その写真の量に翻弄されるも、やがて一枚の写真に目がとまった。
そこにはブロンドがかったピンクの髪の小生意気そうな娘―ルイズが写っている。
「そうだ・・、このクソ生意気な女・・、ルイズのおかげで俺は、心を失わずに済んだんだ・・」
ルイズの写真から、顎の突き出た厳つい男の写真へと視点をずらす。
「加藤との決戦の後、みんなは自分の望む場所へと旅立った。そして・・俺は・・」
そう、俺は忌ま忌ましい呪いによりこの心を破壊されるはずだった。
それでも・・心を破壊されても・・・穏やかに過ごしてゆけるのならば・・・それは、幸せなことなのかもしれない。
確かにそう思った。
そして、俺が帰るべき場所を・・・強く願ったんだ!

再び視線をルイズの写真へ戻す。
「だけど、俺を迎え入れた世界は俺のまったく知らない・・異世界だった。
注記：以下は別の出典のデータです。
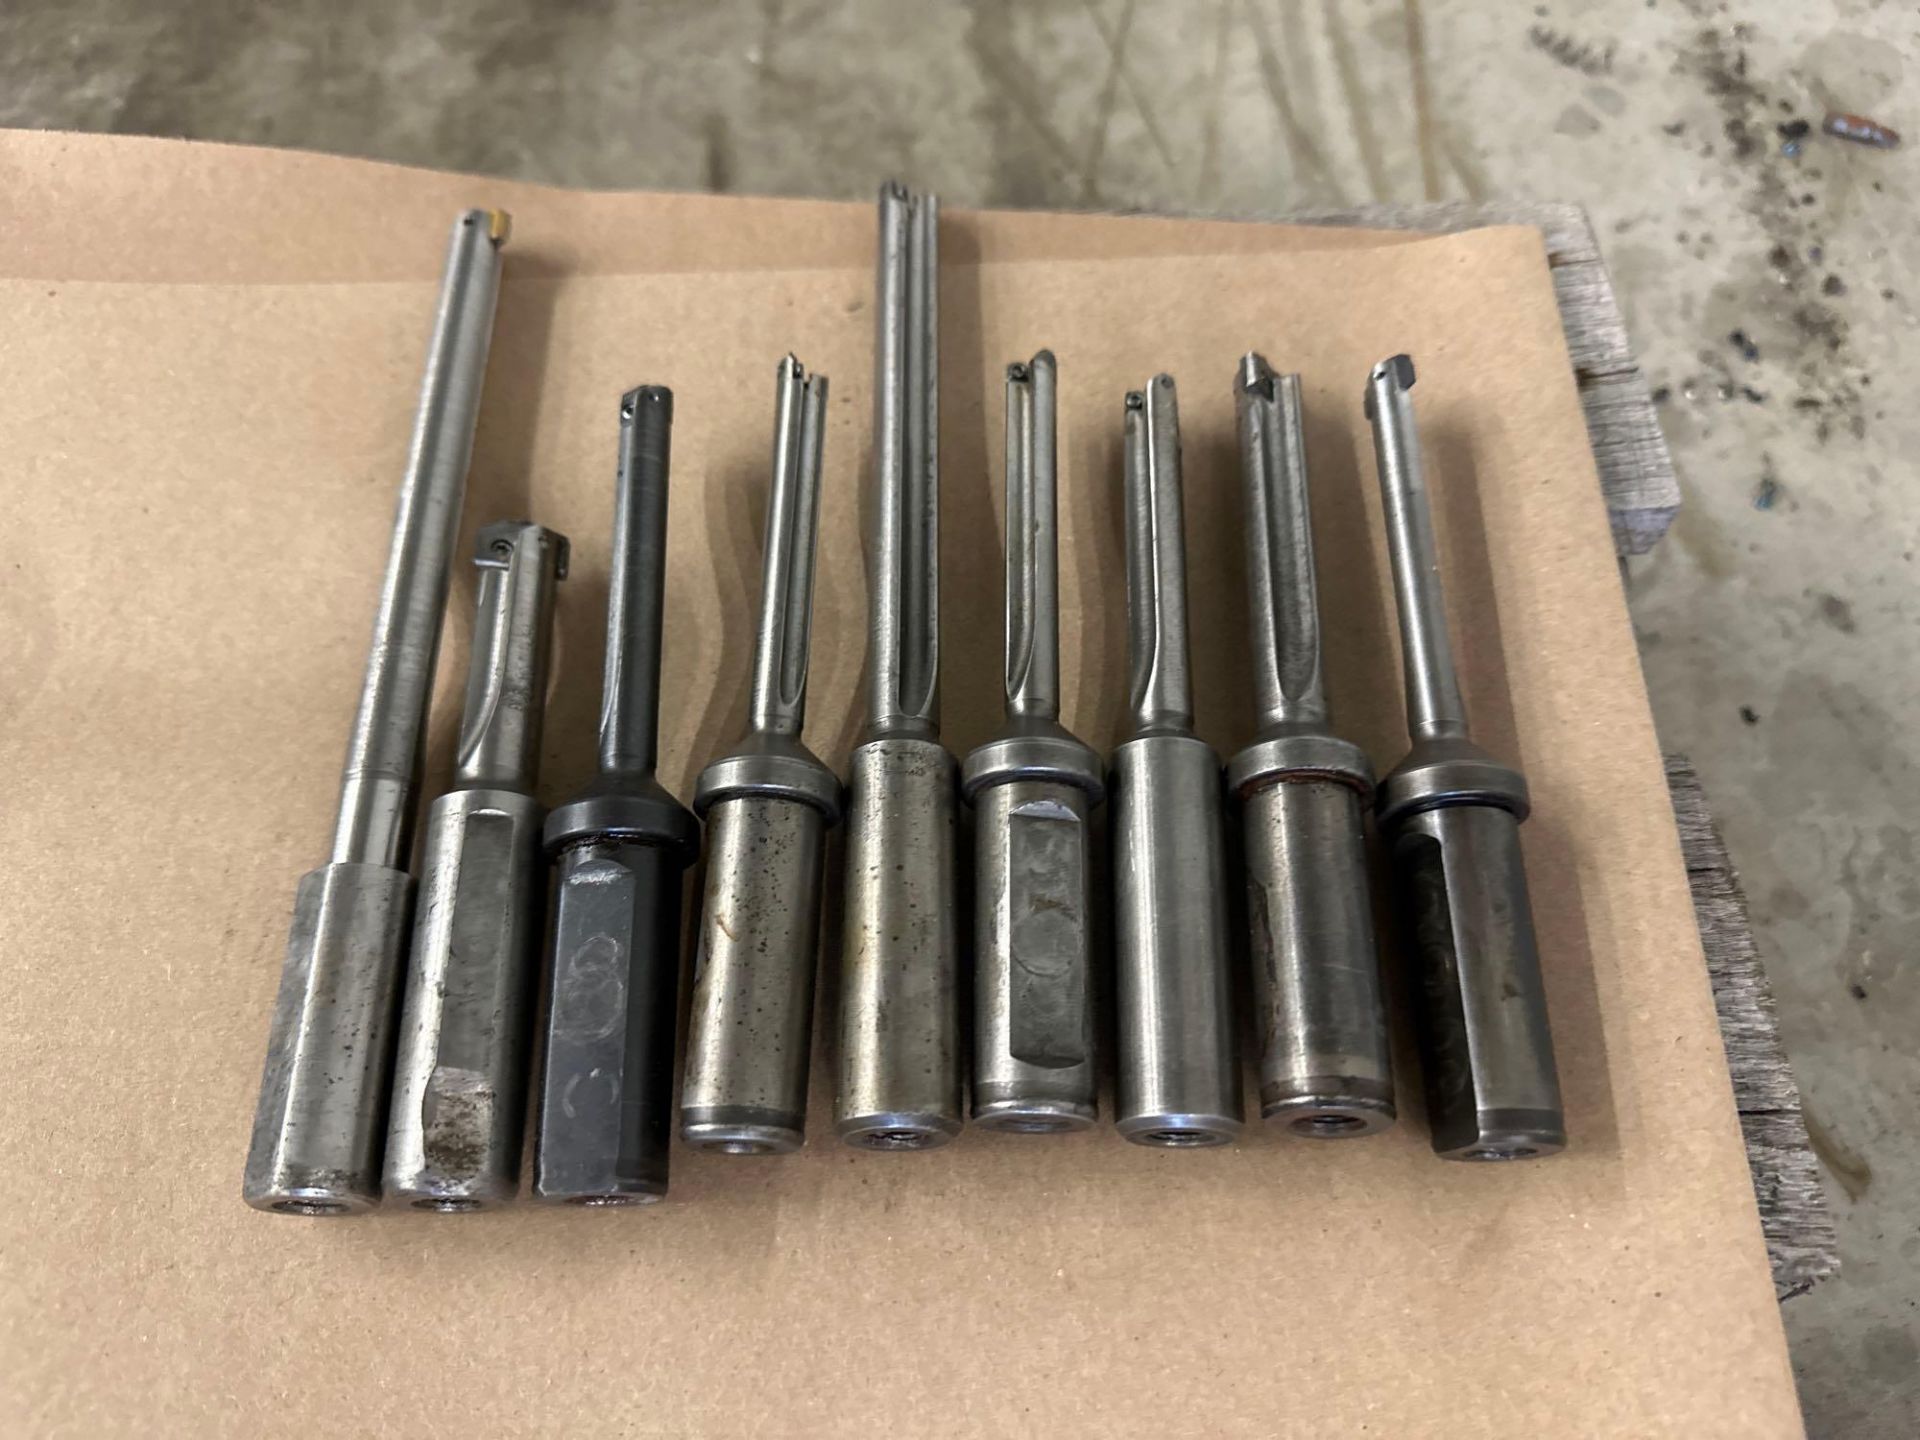 Lot of 9 Assorted Spade Insert Boring Bars Size Ranging From: 3/4” X 4 5/8” to 3/4” X 7 3/4”

」
最初は戸惑った。自分に何が起こったのか理解できなかった。
だけど最初から、一つだけ分かることがあったんだ。
それは、俺の心を蝕む呪いが消えたこと・・・
俺は頭が悪い。だから呪いが消えた理由についてなんて分かるはずもない。
だけど、目の前の写真に写る俺を『召喚』した女・・・ルイズが関わっているのは間違いない。
こいつにとってはきっと、俺を召喚したのは偶然みたいなもんなんだろう。
俺はこの女に感謝している。

きっと俺がこれから暮らしていくことになろうこの未知の世界に不安がないわけじゃない。
だけど・・この心に宿る記憶・・・これがあるだけで俺は、幸せを感じることができる。
大丈夫、俺ならやれるさ。

ルイズの写真から別の写真へ視点を移す。

「とりあえず暫くは、俺を決して逃れられないはずだった呪いから救ってくれた、この女に付き合ってみることにするよ。・・・前途多難っぽいけどさ・・・いいよな?」
ウルが見つめる先には、陽光に照らされ眠る、銀髪の女性の写真があった。

「アリス・・・」

そして、彼の使い魔としての生活が始まった。